If a method does not have a Context parameter, then libmultiprocess will execute IPC requests invoking that method on the I/O event loop thread. This is fine for fast and non-blocking methods, but should be avoided for any methods that are slow or blocking or make any IPC calls(including callbacks to the client), since as long as the method is executing, the Cap'n Proto event loop will not be able to perform any I/O.

When a method has a Context parameter:

Client side (CustomBuildField): If this is the first asynchronous request made from the current client thread, CustomBuildField will:

  1. Call connection.m_thread_map.makeThreadRequest() to request a dedicated worker thread on the server (stored in request_threads map)
  2. Set the remote thread capability in Context.thread
  3. Create a local Thread::Server object for the current thread (stored in callback_threads map)
  4. Set the local thread capability in Context.callbackThread

Subsequent requests will reuse the existing thread capabilities held in callback_threads and request_threads.

Server side (PassField):

  1. Looks up the local Thread::Server object specified by context.thread
  2. The worker thread:
    • Stores context.callbackThread in its request_threads map (so callbacks go to the right client thread)
    • Posts the work lambda to that thread's queue via waiter->post(invoke)
    • Cleans up the request_threads entry

Interface Definitions

As explained in the usage document, interface descriptions need to be consumed both by the libmultiprocess code generator, and by C++ code that calls and implements the interfaces. The C++ code only needs to know about C++ arguments and return types, while the code generator only needs to know about capnp arguments and return types, but both need to know class and method names, so the corresponding .h and .capnp source files contain some of the same information, and have to be kept in sync manually when methods or parameters change. Despite the redundancy, reconciling the interface definitions is designed to be straightforward and safe. Straightforward because there is no need to write manual serialization code or use awkward intermediate types like UniValue instead of native types. Safe because if there are any inconsistencies between API and data definitions (even minor ones like using a narrow int data type for a wider int API input), there are errors at build time instead of errors or bugs at runtime.

In the future, it would be possible to combine API and data definitions together using C++ attributes. To do this we would add attributes to the API definition files, and then generate the data definitions from the API definitions and attributes.

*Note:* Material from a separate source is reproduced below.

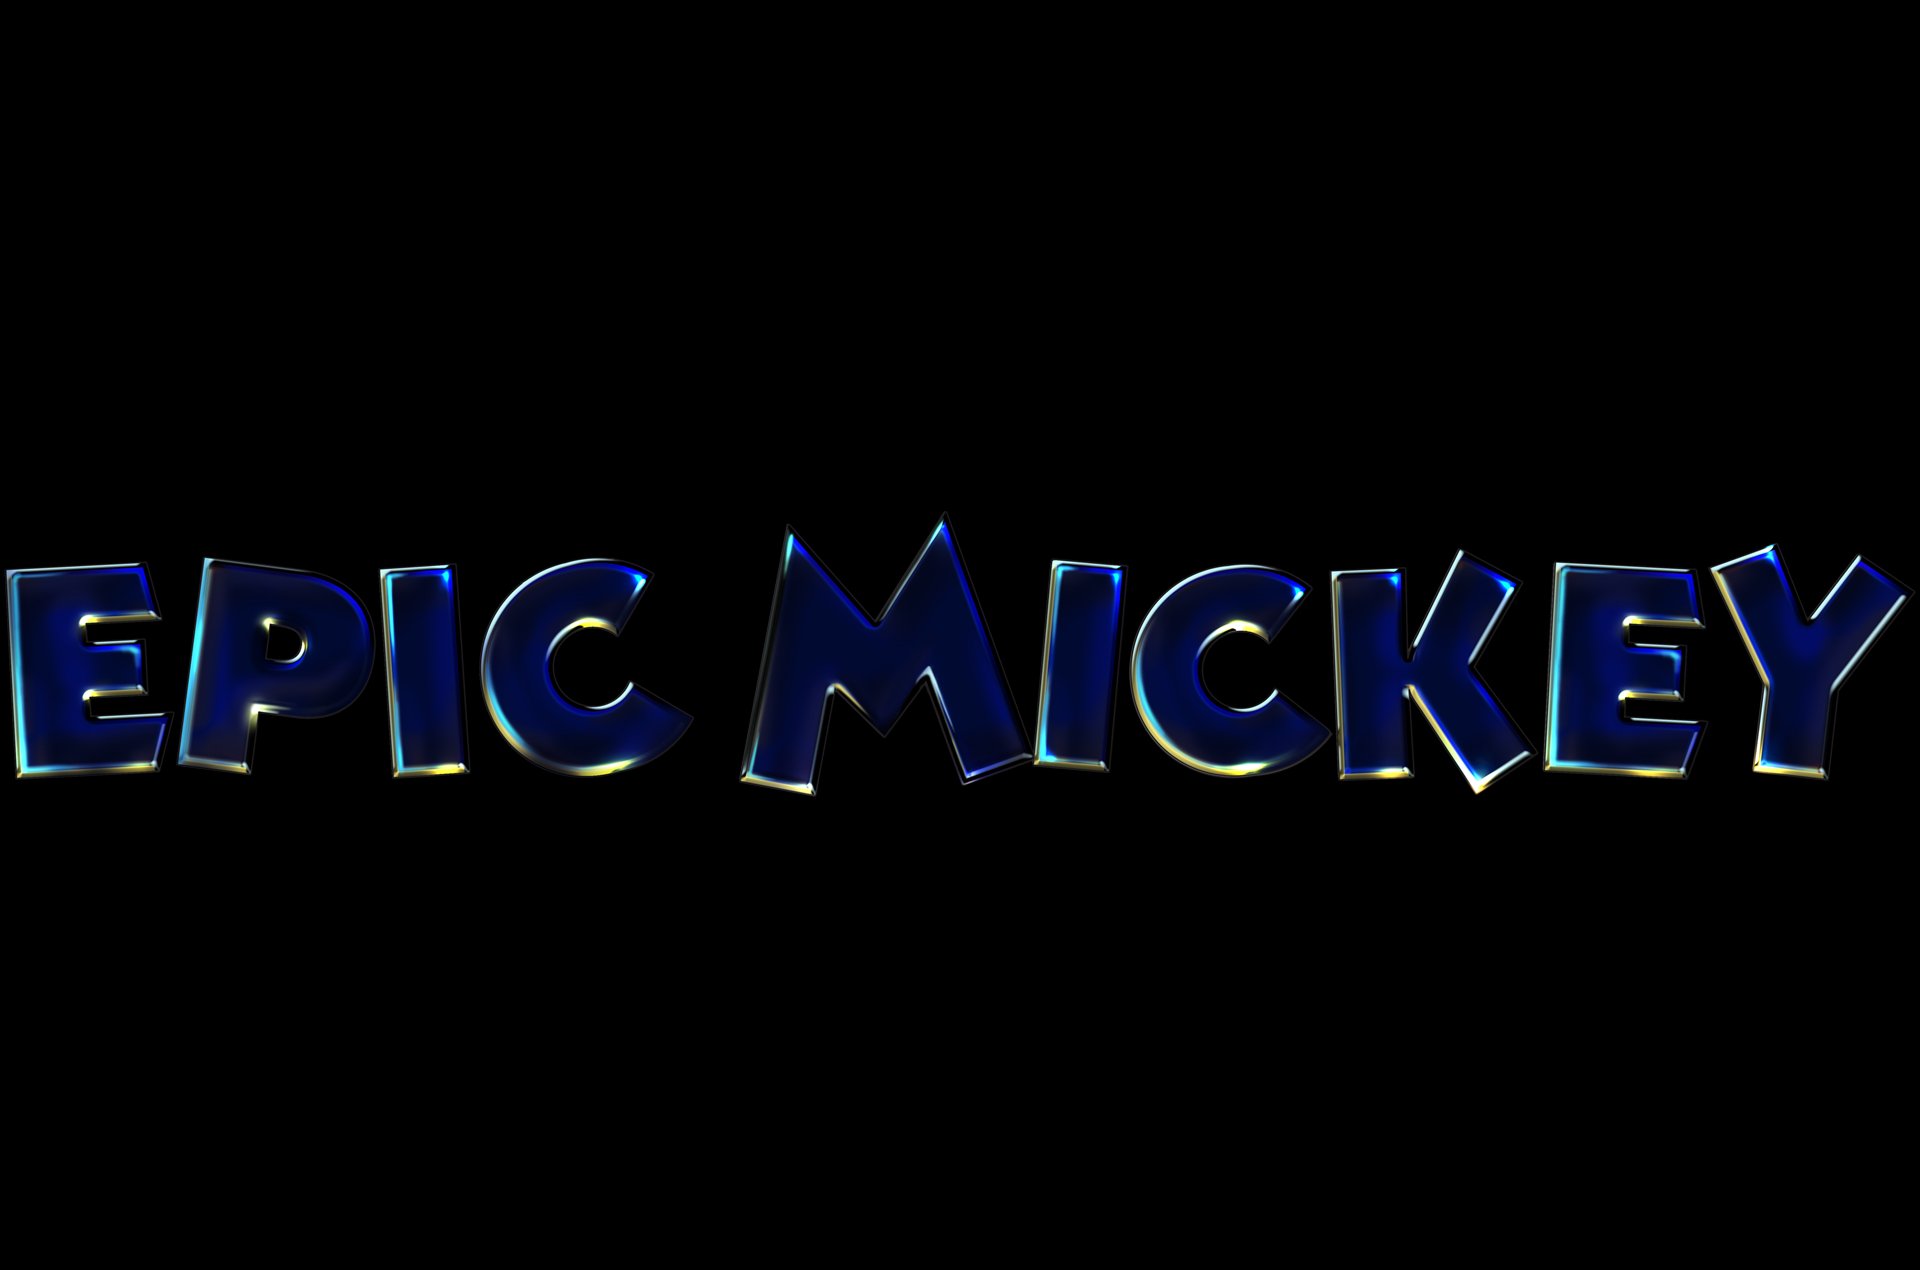 epic, Mickey, Disney, Platform, Family, Adventure, Puzzle, 1epicm, Animation, Poster Wallpaper

I didn't take this approach mostly because it would be extra work, but also because until C++ standardizes reflection, this would require either hooking into compiler APIs like https://github.com/RosettaCommons/binder, or parsing C++ code manually like http://www.swig.org/.

What is kj?

KJ is a concurrency framework bundled with capnproto; it is used as a basis in this library to construct the event-loop necessary to service IPC requests.

Future directions

libmultiprocess uses the Cap'n Proto interface description language and protocol, but it could be extended or changed to use a different IDL/protocol like gRPC. The nice thing about Cap'n Proto compared to gRPC and most other lower level protocols is that it allows interface pointers (Services in gRPC parlance) to be passed as method arguments and return values, so object references and bidirectional requests work out of the box. Supporting a lower-level protocol would require adding maps and tracking code to proxy objects.

libmultiprocess is currently compatible with sandboxing but could add platform-specific sandboxing support or integration with a sandboxing library like SAPI.